WORK REQUEST. Return the data exactly, apart from leaving out the pictures.

DATA SECTION.
++++

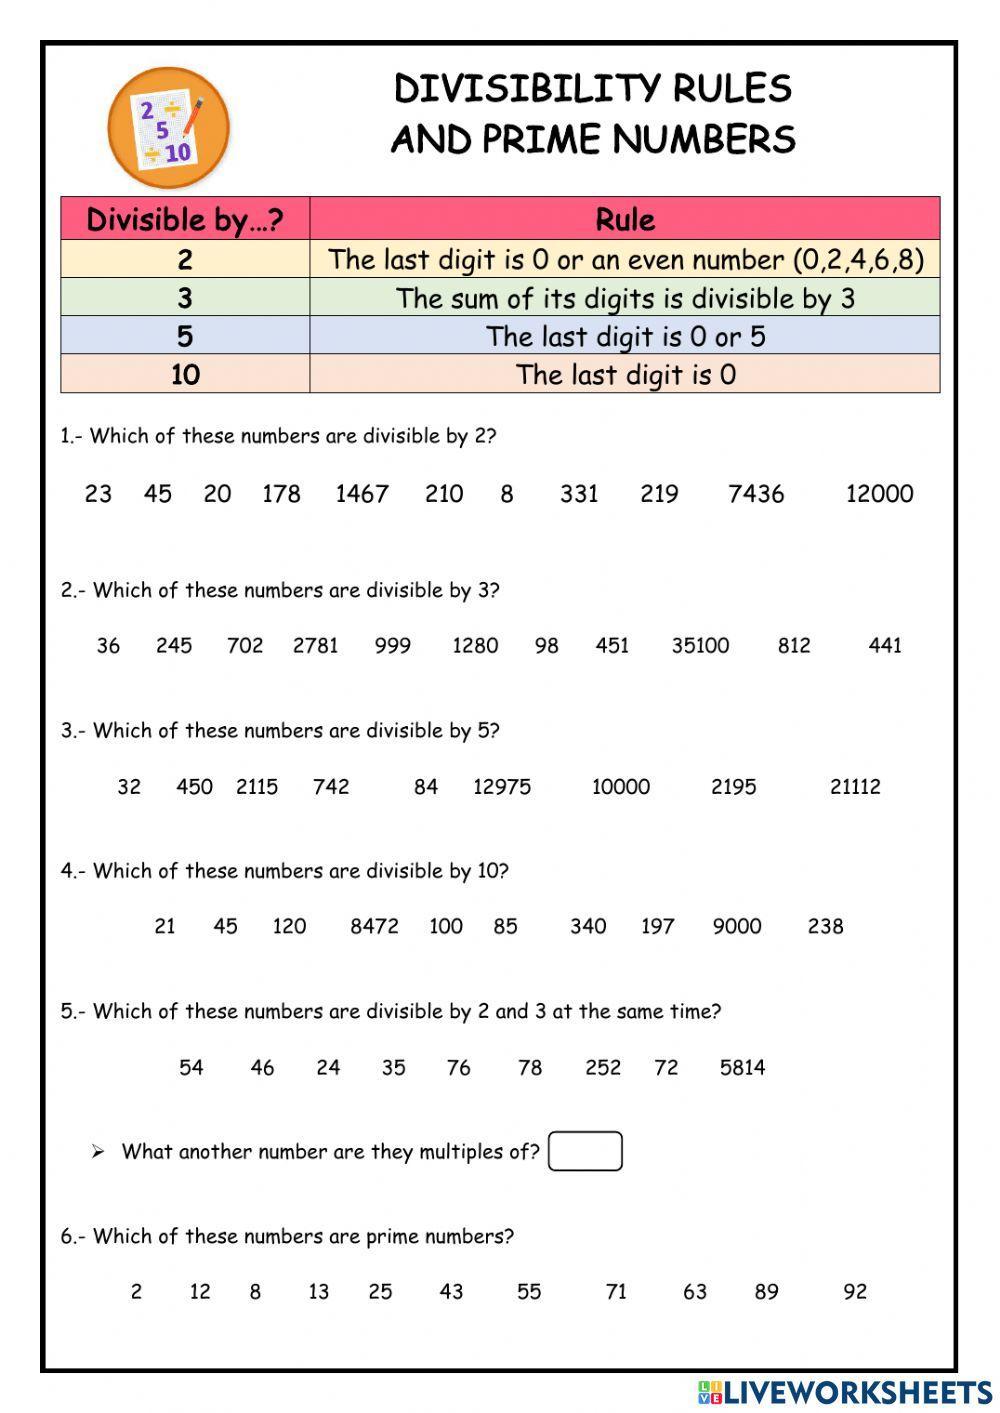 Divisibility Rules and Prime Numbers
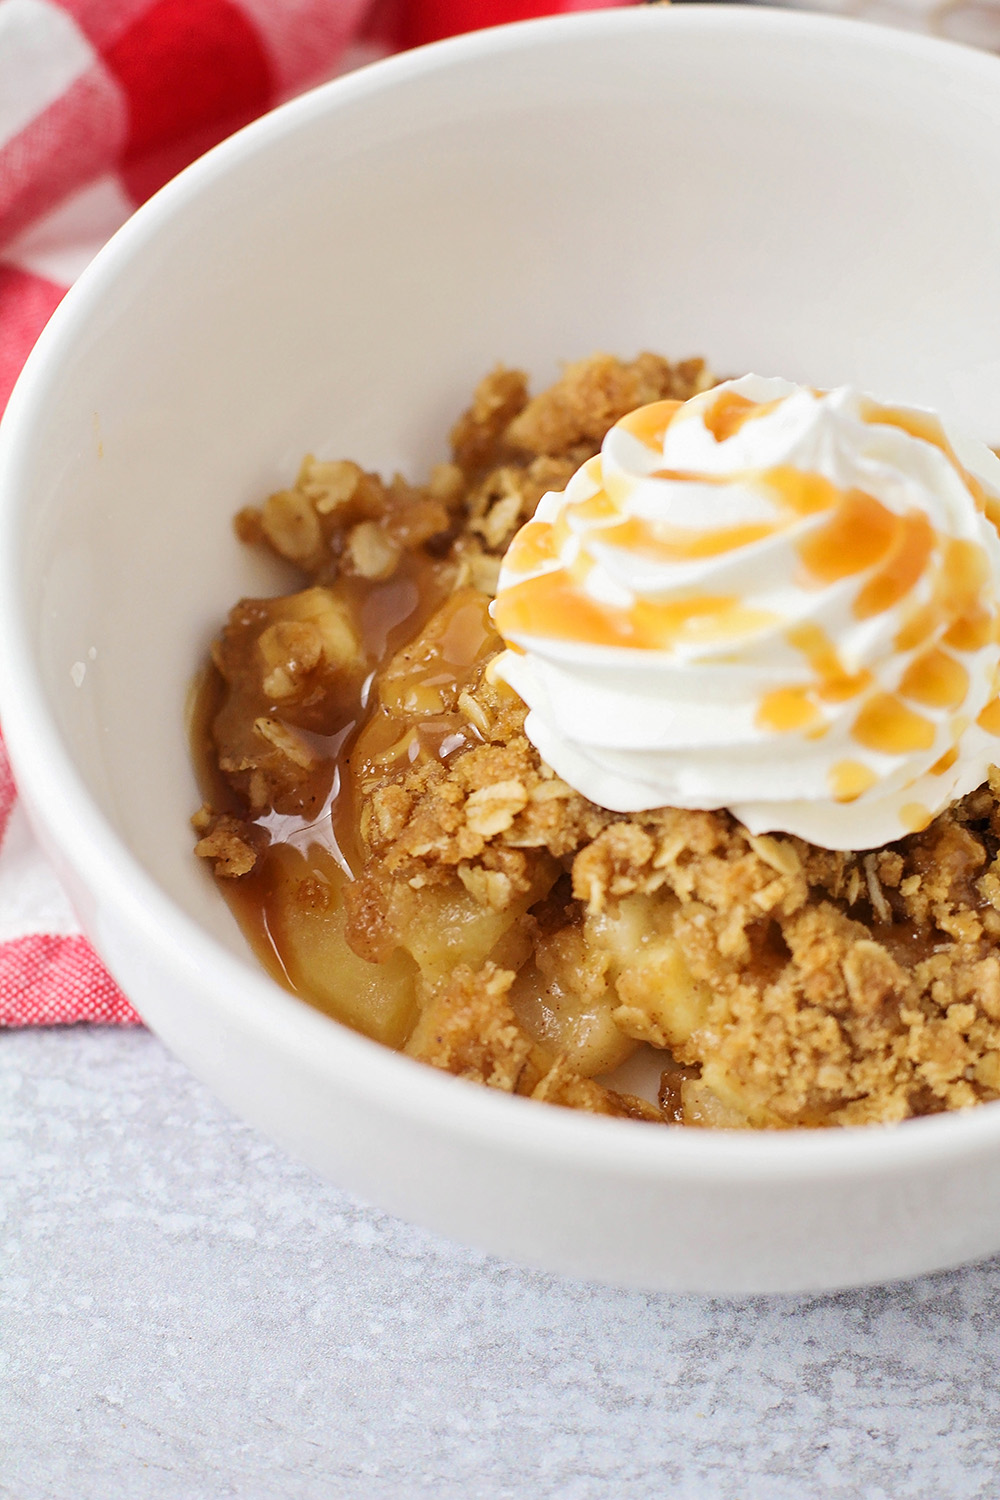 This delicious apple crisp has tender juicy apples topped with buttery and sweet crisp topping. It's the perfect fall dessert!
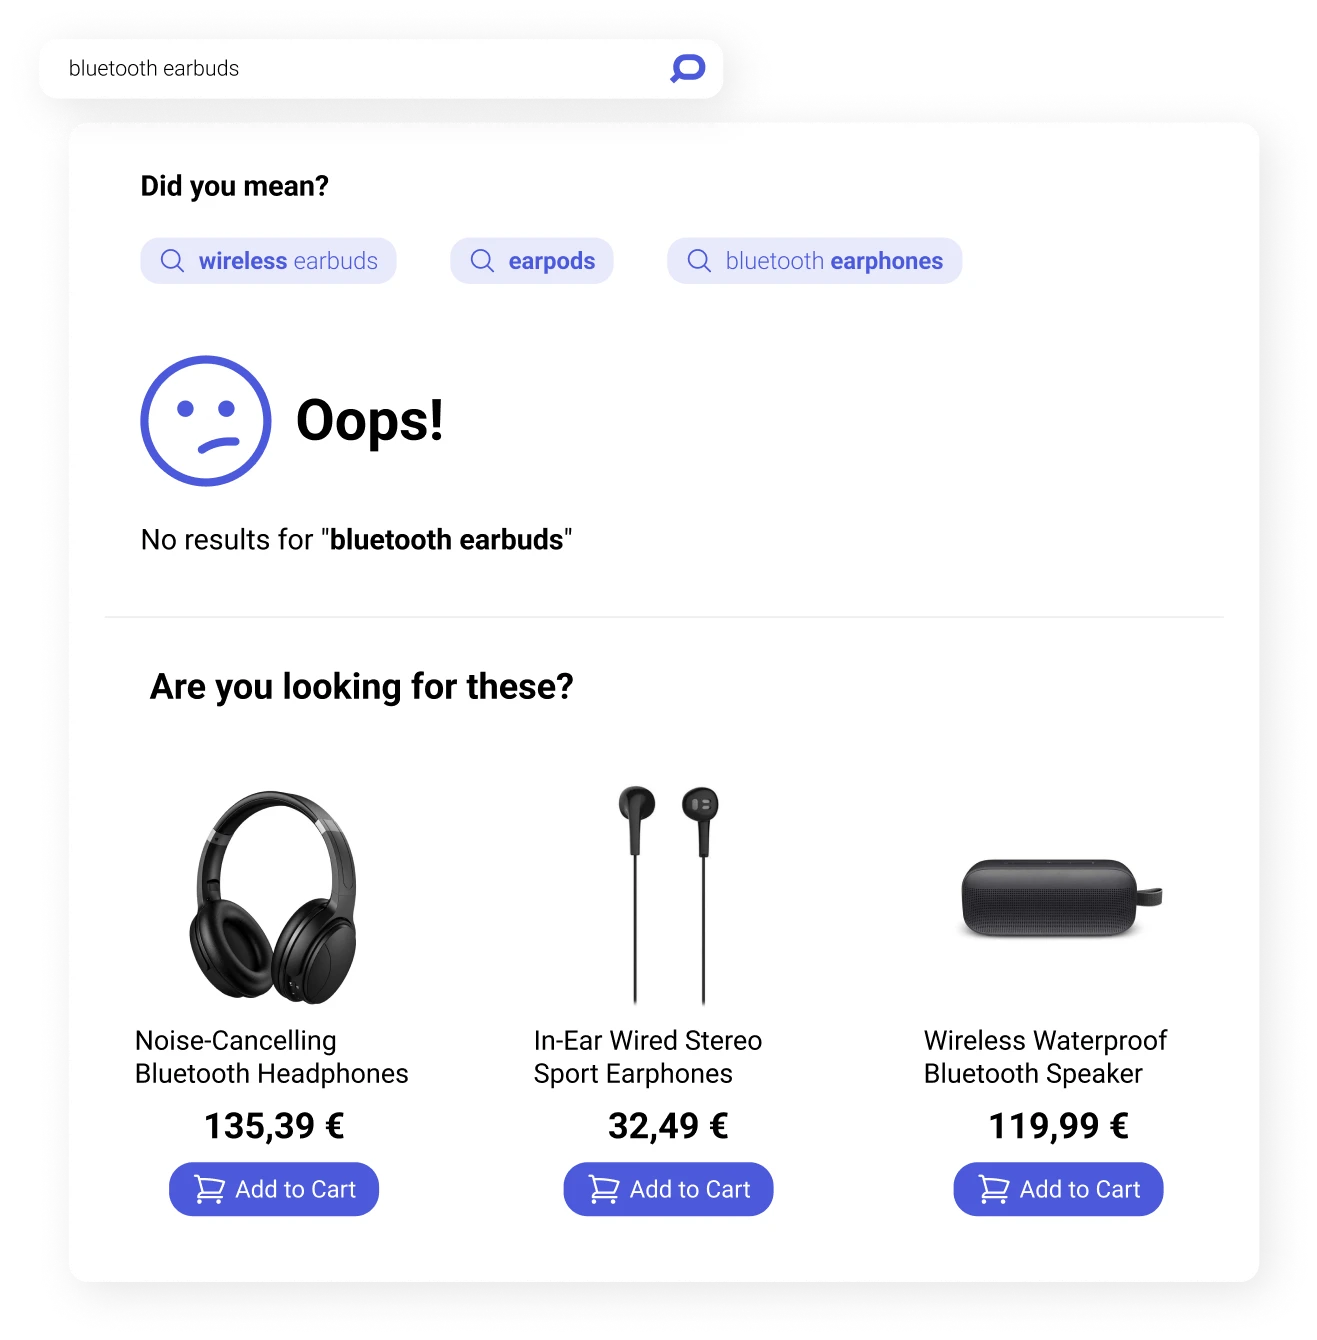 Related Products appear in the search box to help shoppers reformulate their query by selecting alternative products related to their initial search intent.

++++

YOUR SOLUTION.
 Divisibility Rules and Prime Numbers
 This delicious apple crisp has tender juicy apples topped with buttery and sweet crisp topping. It's the perfect fall dessert!
 Related Products appear in the search box to help shoppers reformulate their query by selecting alternative products related to their initial search intent.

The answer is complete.